The dish is topped off with nasturtium leaves and basil microgreens from the garden that complement the delicate texture and flavours. Hailing from South Korea, Jin thrives on inspiration from a range of different cultures and cuisines.

“The caramelised coconut gives texture and coconut flavour and then the chilli and tamarind paste is a Thai sauce which is salty, sweet and sour, so all the flavours balance perfectly,” says Jin.

Marron is a premium ingredient that has graced the menu at Hardy’s Verandah for the past three years – each time with different presentations and flavours.

“The chefs working with me are all really interested in working with marron, which is very unique to Australia. Other countries have a similar freshwater crayfish, but nothing is quite like it,” says Jin.

When creating a new dish, Jin taps into his bank of memories from dining out with friends and family, working with other chefs or reading books. He takes great satisfaction in creating a special new dish for guests.

“Australia is a very multicultural society and I really enjoy the sharing of culture and ideas. Working as a chef there’s stress, pressure and working long hours, and it’s a dangerous environment, but I am really proud that we make people happy,” he says.

“We work really hard and we serve our own effort on the plate and it’s rewarding to see people get happiness from that.”

To prepare his decadent dessert “Fallen branches of bunya bunya with native thyme” Restaurant Botanic executive chef Justin James and his kitchen team forage for ingredients around the Adelaide Botanic Garden.

Since launching the new-look Restaurant Botanic within the Adelaide Botanic Garden, Justin James’ creativity has been working in overdrive. While the restaurant uses myriad luxury ingredients such as abalone, Murray cod and black truffle, Justin also likes to think outside of the box.

“I don’t think there’s any other restaurants serving a dish prepared with dead branches of the bunya bunya tree and that’s why I think this is one of my favourite luxury items,” says Justin.

Don’t let this unpretentious dish fool you – the kitchen is often complimented by guests that it’s the greatest dessert they’ve ever tasted.

The restaurant has exclusive access to use ingredients from within the gardens, such as lemon aspen, lemon myrtle, Geraldton wax, juniper and bay leaves. For this dish, Justin was determined to use the bunya bunya tree as a central ingredient.

“Looking at the tree and seeing what was there, I saw the dead branches as an opportunity,” he says.

“We have this terminology of nose to tail, using the entire animal, but you can also use the entire plant. There’s the roots, the leaves, the stem and the bark, and they all have different flavours.”

The branches are picked from the ground, cleaned, roasted and infused into cream and other ingredients, then seasoned with sugar to counter the bitterness. The cream is then frozen into moulds, popped out and seasoned with a little more sugar before being torched. The sauce takes more than three weeks to age.

“When you eat this dessert, you’re sitting in the dining room surrounded by the Botanic Garden and the dish even tastes like the Botanic Garden; that’s what a luxury moment is to me,” says Justin.

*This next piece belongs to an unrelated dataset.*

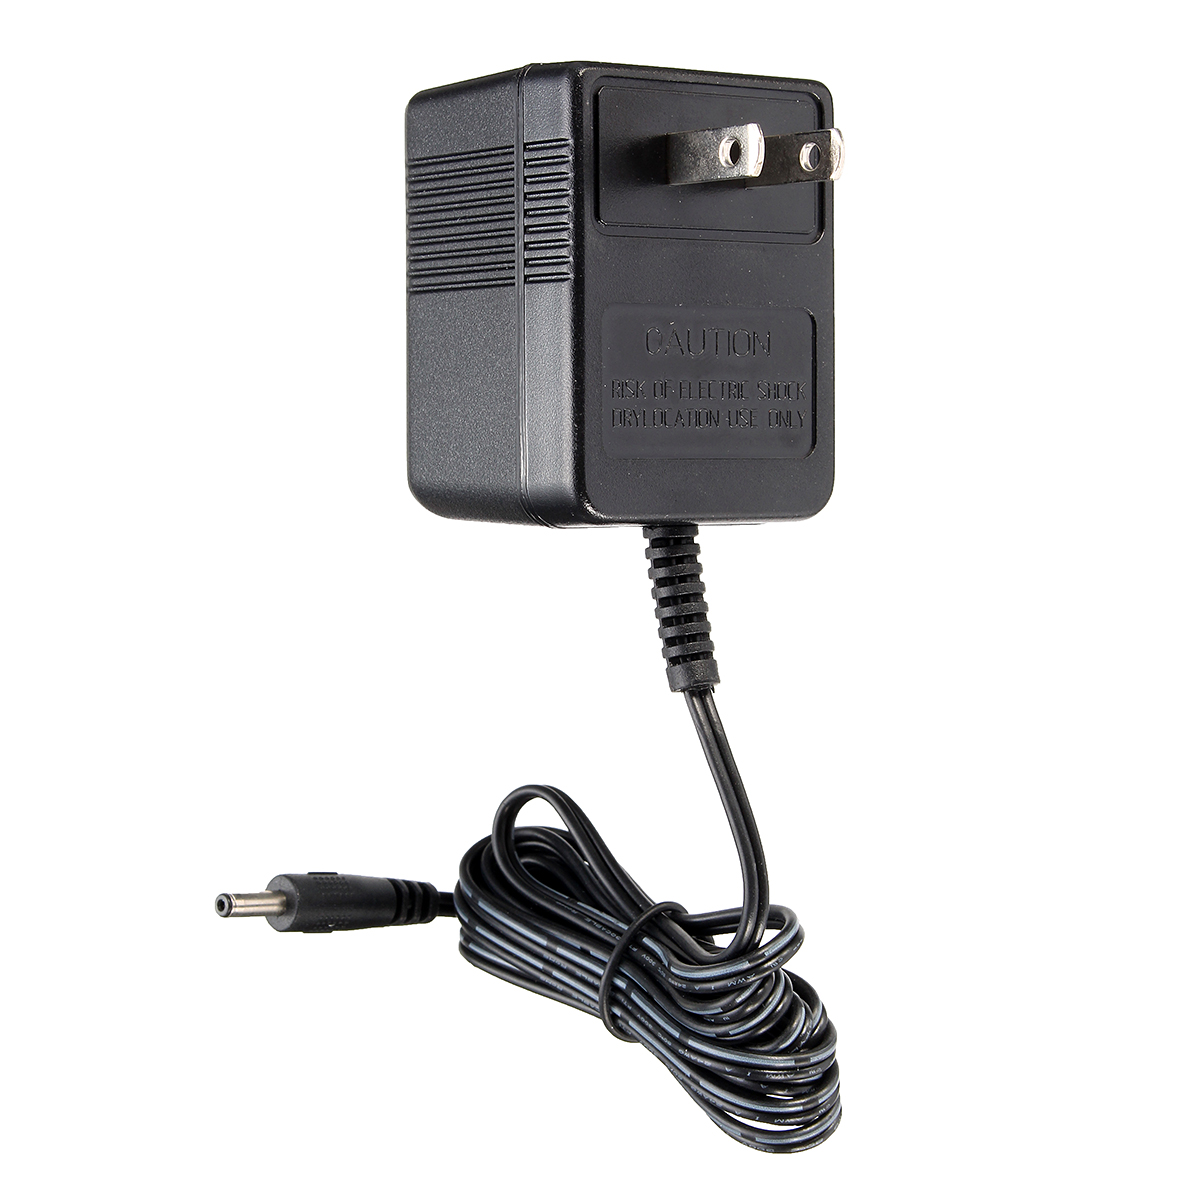 AC-100-V-240V-DC-45V-02-Adapter-USEU-Plug-Power-Supply-Charger-For-Wireless-Weather-Station-Clock-1389379-2

“I was trying to push the boundaries to create a new flavour and I would have been happy with people saying that was good, interesting, or different, but – to put it in the humblest way – guests have been blown away.

“It’s an open kitchen and I try to talk to every table that comes in and day-in, day-out they say it’s the best dessert they’ve ever had. I could have put something else on the dish, but I think it would lose the integrity of what I was trying to achieve for that dish. It was just a dish made from dead branches.”

It’s perfectly clear when the chef nails a dish that he’s been working on for a few weeks. “I give myself a little high five and I do a little dance. The chefs can see when I make something that I think is really good,” Justin says.

 

This article first appeared in the September 2021 issue of SALIFE magazine.